Ways that the new lifestyle will simplify our lives:
no more lugging gabillions of things from my house to my car and back everyday, while carrying a one year old, and no more tremendously messy, disorganized car because I can only carry so many of them back to the house again when we get home. Instead, everything we need will come with us . . . . neatly put away in it’s drawer at home.
no more dragging worn out kids on another errand. They can stay home with one of us in the parking lot of the errand that the other one of us runs in to do.
no more having to walk away from my six year old while she’s talking to me and she has to chase after me to finish. In our tiny home, all of the cooking, cleaning, laundry, diapers, and babycare will happen in one place and I can keep up with things while staying in her line of sight.
no wondering if my one year old is climbing a bookshelf in the other room while I’m nursing the baby in the living room. The living room IS the other room, and whatever she falls off of, I’ll only have to extend my arm to catch her!

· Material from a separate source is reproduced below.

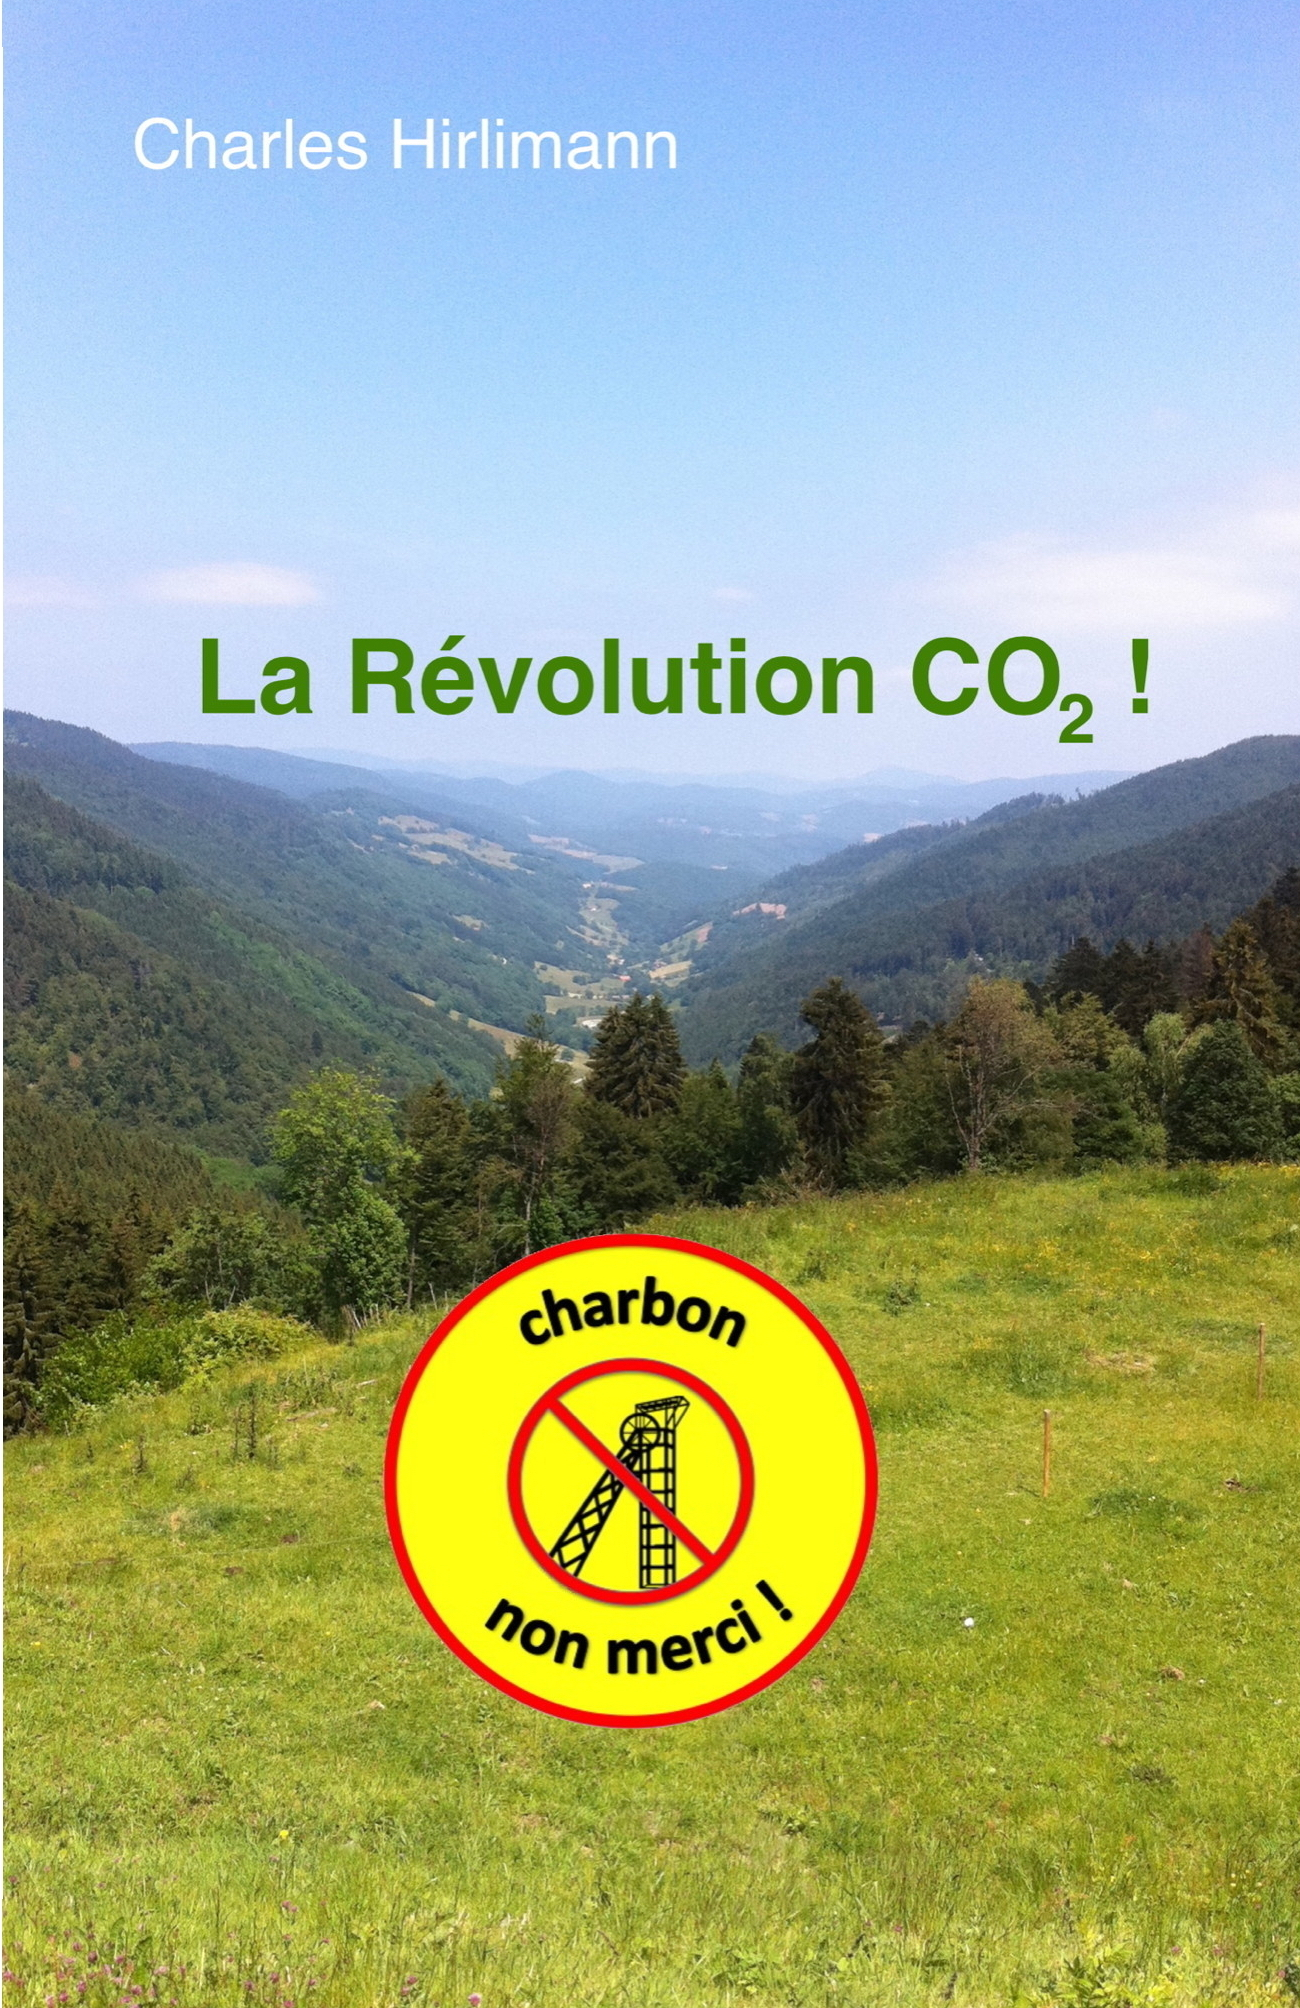 La Révolution CO2 !

no more scheduling meals and lives around my husband’s 9-5. We’ll sleep, cook, eat, and play when convenient.
no more waiting for daddy to come home and missing him all day.
no trying to figure out how to take care of a newborn and a one year old all by myself.
no more wondering how to go turn off the burner in the kitchen with a sleeping child on my lap. Two parents will make everything easier.
no more endless hours of cleaning just to get it up to the point of “messy.” With so few things, and such small space, cleaning will take 5 minutes.
no more of our life taken up paying the mortgage. Instead we’ll spend our money on festivals, concerts, events, and attractions that we can’t resist.
no worrying about my husband being able to work the next day if we have a rough night. We can take turns sleeping in, or nap during the day as needed.
Things that I can’t tell you yet how they will work, but I look forward to finding out:
Nighttime parenting of a newborn and a one year old who still wakes several times a night in a single room domicile.
Nighttime parenting when our RV is parked near neighboring RVs that expect “quiet hours” to be respected.
Driving for hours a day with 3 children aged new, one, and six.
Running two businesses and storing inventory in a 22 foot home that only has two dresser drawers for the five of us to share.
Fitting our clothing, a few toys, musical equipment, CD inventory, wrap inventory, a laptop, 3 books, kitchenware, towels, diapers for two, coats and jackets, barbecue, box of important files, first aid kit, games, arts & crafts, printer, car seats, tools, camera and video camera, bedding, and my wraps in the rig.
Finding a post office in every town to ship out products to customers.
Rainy days or sick days spent at home.
Finding hours each day for David to work on his music.